On value, Petty continued the debate begun by Aristotle, and chose to develop an input-based theory of value: all things ought to be valued by two natural Denominations, which is Land and Labour(p. 44). Both of these would be prime sources of taxable income. Like Richard Cantillon after him, he sought to devise some equation or par between the 'mother and father' of output, land and labour, and to express value accordingly. He still included general productivity, ones 'art and industry'. He applied his theory of value to rent. The natural rent of a land was the excess of what a labourer produces on it in a year over what he ate himself and traded for necessities. It was therefore the profit above the various costs related to the factors involved in production.

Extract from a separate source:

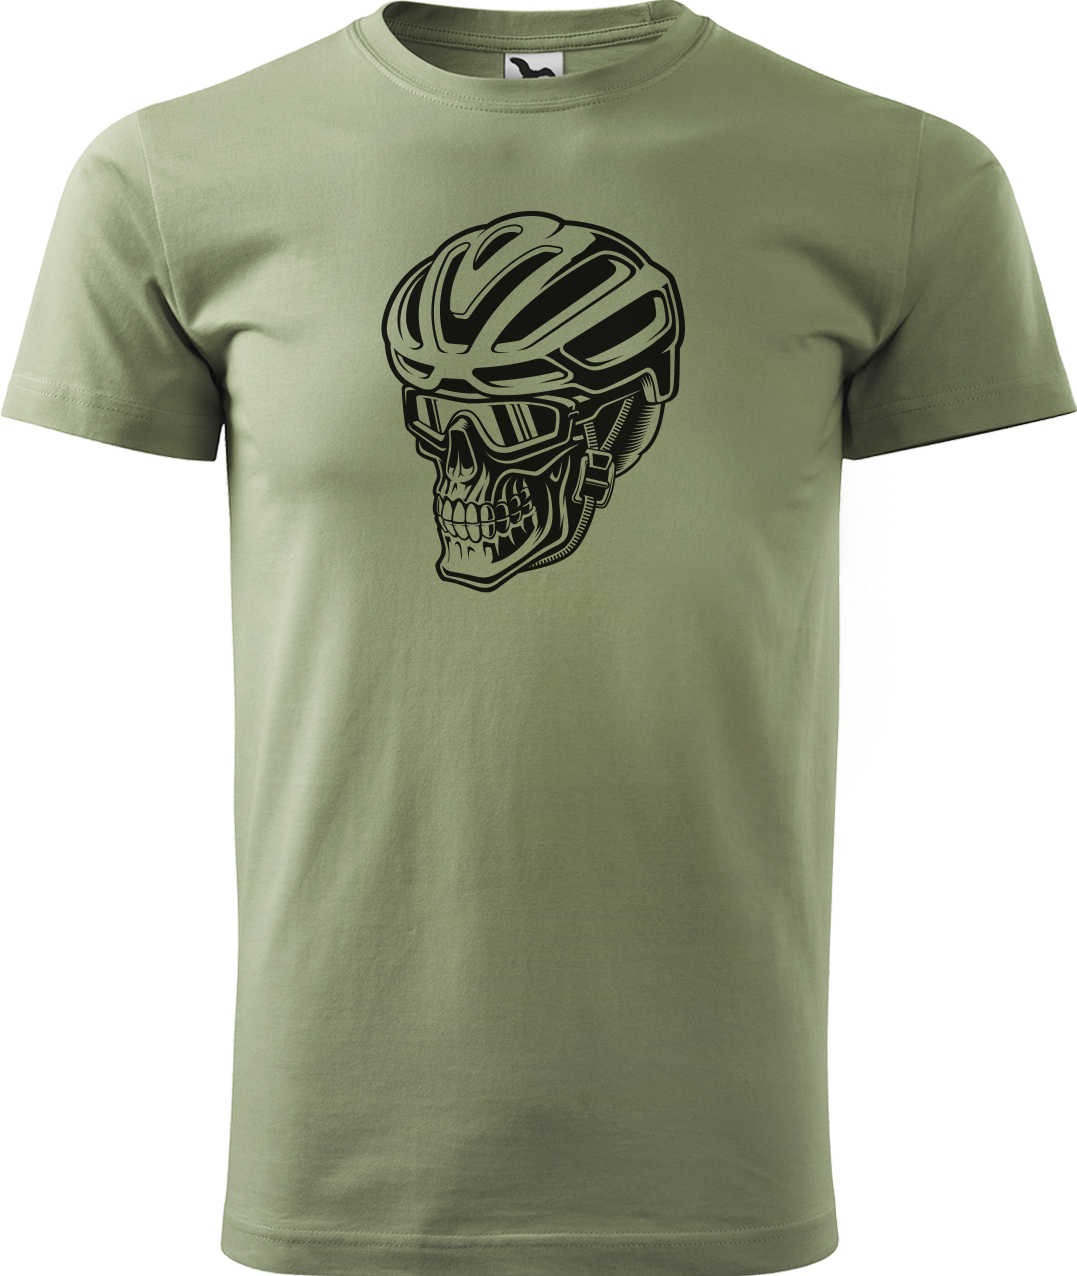 Pánské tričko pro cyklistu - Lebka v helmě Velikost: XL, Barva: Světlá khaki (28)

Population Theory Malthus believed that people in general had an insatiable desire for sexual pleasure. As a consequence, unchecked reproduction by an immoral lower class would lead to geometric (exponential) increases in population" and double every 25 years. According to Malthus, the problem lied in the fact that food supply limited the quantity of population that an area can support. Specifically, agriculture productivity would gradually diminish because of decreasing soil fertility availability, and agriculture production would not be able to keep up with population growth. In other words, Malthus believed that the population would naturally increase faster than the amount of food that could be produced to feed them, and ultimately, starvation would limit population growth.

For Malthus, the ultimate difference between the rich and the poor was the high moral character of the rich. Population growth rates could be kept in check using both positive means (famine, plague, war, starvation) and preventive methods (sterility, abstinence, birth control). However, only the wealthy or moral upper class of people would show restraint. So, if everyone's wealth and income increased through reforms that had the effect of wealth or income redistribution, the majority of people, especially the lower class, would respond by having more children causing the majority of people to return again to their subsistence level of living. Therefore, because any policy that favored or helped the lower working class resulted in a redistribution of wealth and income that merely had the effect to increase the number of poor, Malthus opposed any such policy.